Drybrough Cup
- Founded: 1971
- Folded: 1980
- Country: Scotland
- Number of clubs: 8
- Most championships: Hibernian Aberdeen (2 times)

= Drybrough Cup =

The Drybrough Cup was a Scottish annual football tournament. It was held from 1971 until 1974, and was revived from 1979 to 1980. It was open to the four highest-scoring teams from Division 1, and the four highest-scoring teams from Division 2. The format allowed the tournament to have three rounds: first round, semi-final and final.
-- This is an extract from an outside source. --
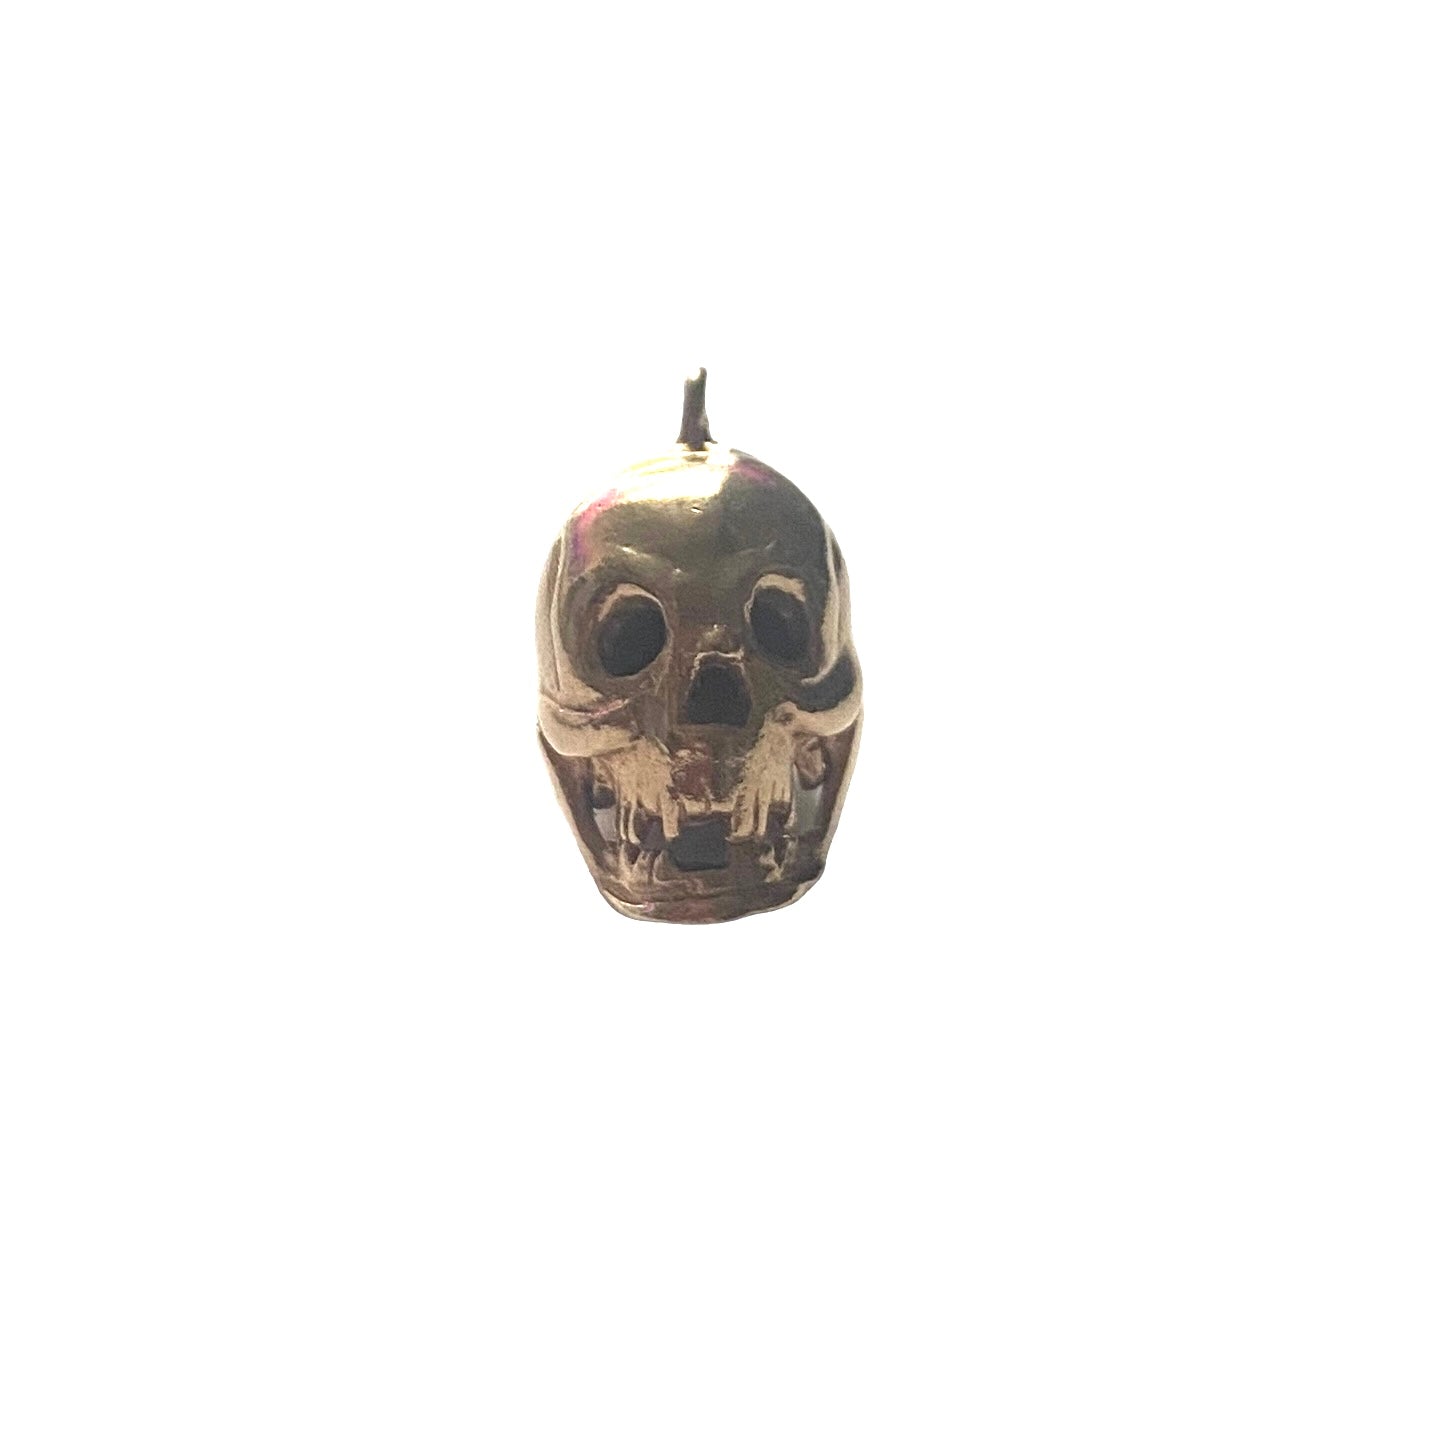 9ct vintage skull charm / pendant with articulated mouth
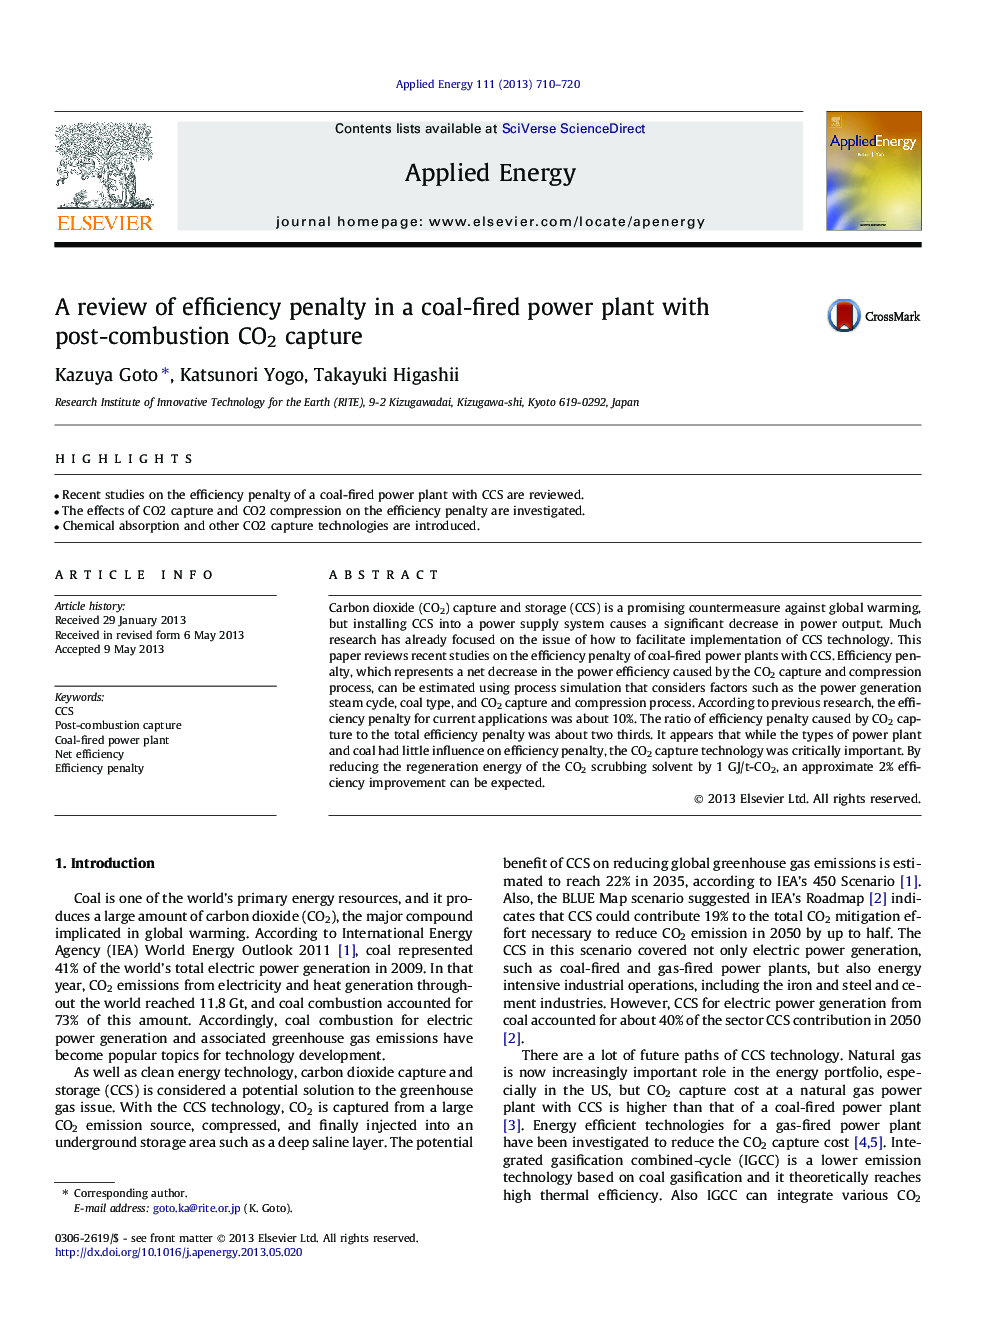 A review of efficiency penalty in a coal-fired power plant with post-combustion CO2 capture

The tournament was held in the week preceding the commencement of the league season.

The tournament was conceived because the Scottish Football Association would not permit existing competitions to have a title sponsor. The Drybrough brewery got around this regulation by inventing a new competition bearing their name.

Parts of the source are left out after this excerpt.